The English-language Vientiane Times, citing district governor Bounhom Phommasane, said more than 3,000 people "require rescue" and about 2,851 people have been saved.
It showed pictures of villagers wading through muddy flood waters carrying belongings. Others boarded rickety wooden boats or stood on the roofs of submerged houses.
Officials have brought boats to help evacuate people in San Sai district of Attapeu province, where the Xepian-Xe Nam Noy hydropower dam is located, as water levels rise after the collapse, ABC Laos news reported.
The company building the dam said heavy rain and flooding caused the collapse and it was cooperating with the Laos government to help rescue villagers near the dam.
"We are running an emergency team and planning to help evacuate and rescue residents in villages near the dam," a SK Engineering & Construction spokesman told Reuters by telephone.
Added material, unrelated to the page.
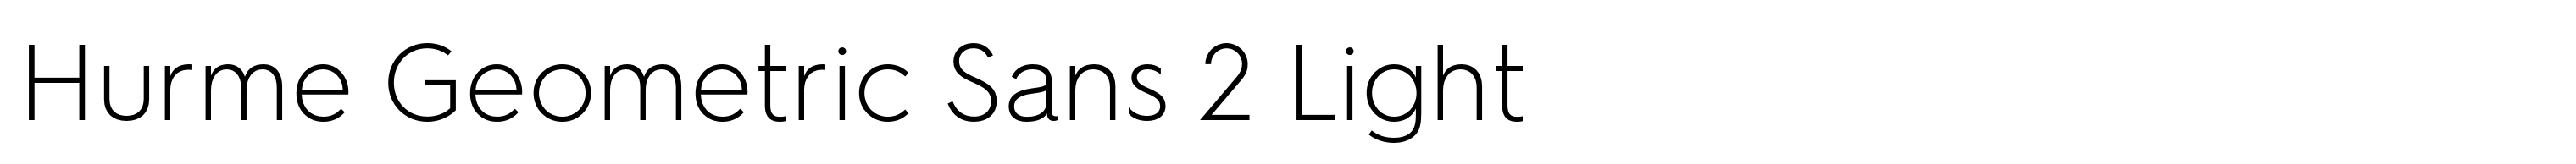 Hurme Geometric Sans 2 Light

A video posted by the ABC Laos news on its Facebook page showed villagers stopping to watch fast-flowing water from the side of a river bank.
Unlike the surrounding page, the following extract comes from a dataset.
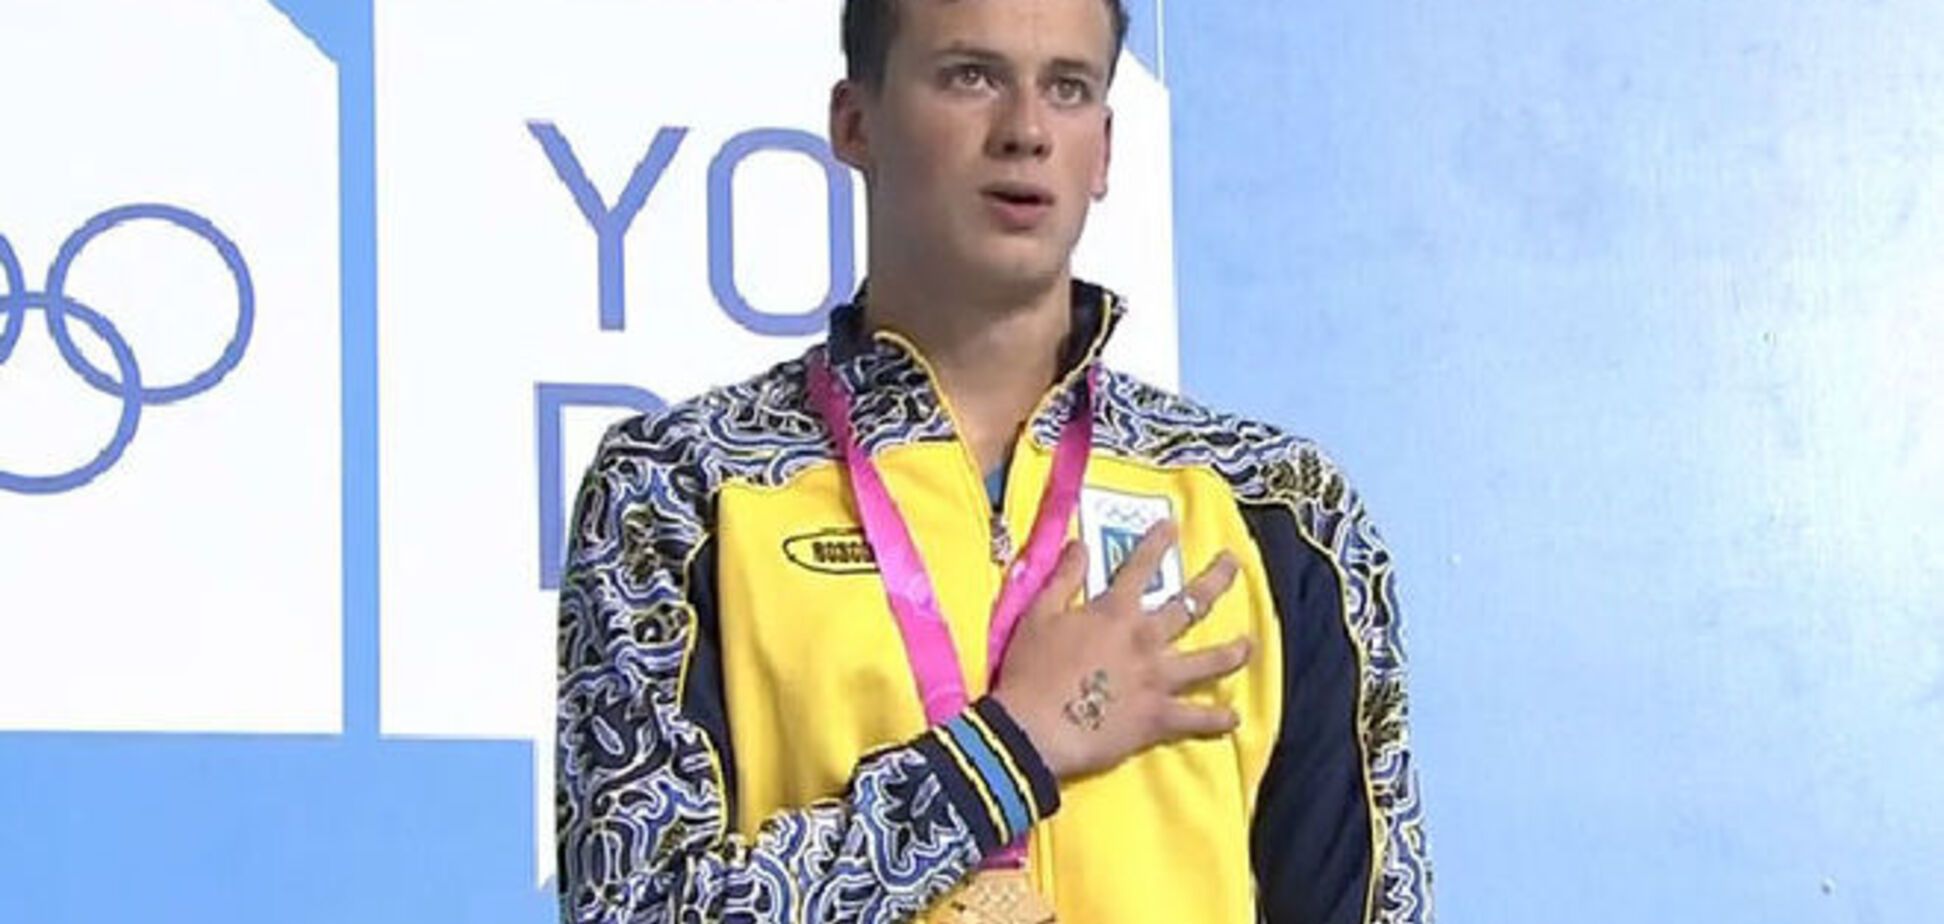 Украинский пловец получил солидное вознаграждение за 'золото' Олимпиады

Prime Minister Thongloun Sisoulith has suspended government meetings and led Cabinet members to monitor rescue and relief efforts in one of the affected areas, the state agency reported.
Communist Laos, one of Asia's poorest and most secretive countries, is land-locked and aims to become the "battery of Asia" by selling power to its neighbours through a series of hydropower dams.
Environmental rights groups have for years raised concerns about Laos' hydropower ambitions, including worries over the impact of dams on the Mekong River, its flora and fauna and the rural communities and local economies that depend on it.
The collapsed dam was expected to start commercial operations by 2019 and export 90 percent of its power to Thailand under a Power Purchase Agreement between the Xe-Pian-Xe Namnoy Power Company (PNPC) and the Electricity Generating Authority of Thailand (EGAT).
The remaining 10 percent of power would be sold to the local grid under an agreement between the PNPC and the Electricite du Laos.
PNPC was established in 2012 by SK Engineering & Construction Co., Ltd. (SK E&C), Korea Western Power Co., Ltd. (KOWEPO), Ratchaburi Electricity Generating Holding Pcl, Thailand's largest private power producer, and Lao Holding State Enterprise (LHSE).
Ratchburi Electricity Generating Holding Company said in a statement the dam, which it referred to as 'Saddle Dam D', was eight metres (26 feet) wide, 770 metres (2,526 feet) long and 16 metres (52 feet) high.
The dam "was fractured and the water had leaked to the downstreat area and down to the Xe-Pian River which is about five kilometres from the dam," said Kijja Sripatthangkura, Chief Executive Officer of Ratchaburi Electricity Generating Holding Company.
"Unpredictable and extreme weather events are becoming more frequent in Laos and the region due to climate change," International Rivers told Reuters in an e-mail.
"This also shows the inadequacy of warning systems for the dam construction and operations. The warning appeared to come very late and was ineffective in ensuring people had advance notice to ensure their safety and that of their families," the group said.
Ian Baird, associate professor of geography at University of Wisconsin-Madison and a Laos expert, said the collapse of the subsidiary dam was unlikely to affect others in the project, but added that the dam can't be fixed until the dry season.
"I don't think its going to affect the other dams," Baird told Reuters in a telephone interview.
"The water's all out of the reservoir now and the water levels are already going down but I don't think they'll be able to fix it until the dry season," he said.
The remoteness of the affected area and damage to roads and bridges will make it very difficult to reach those still stranded, he said.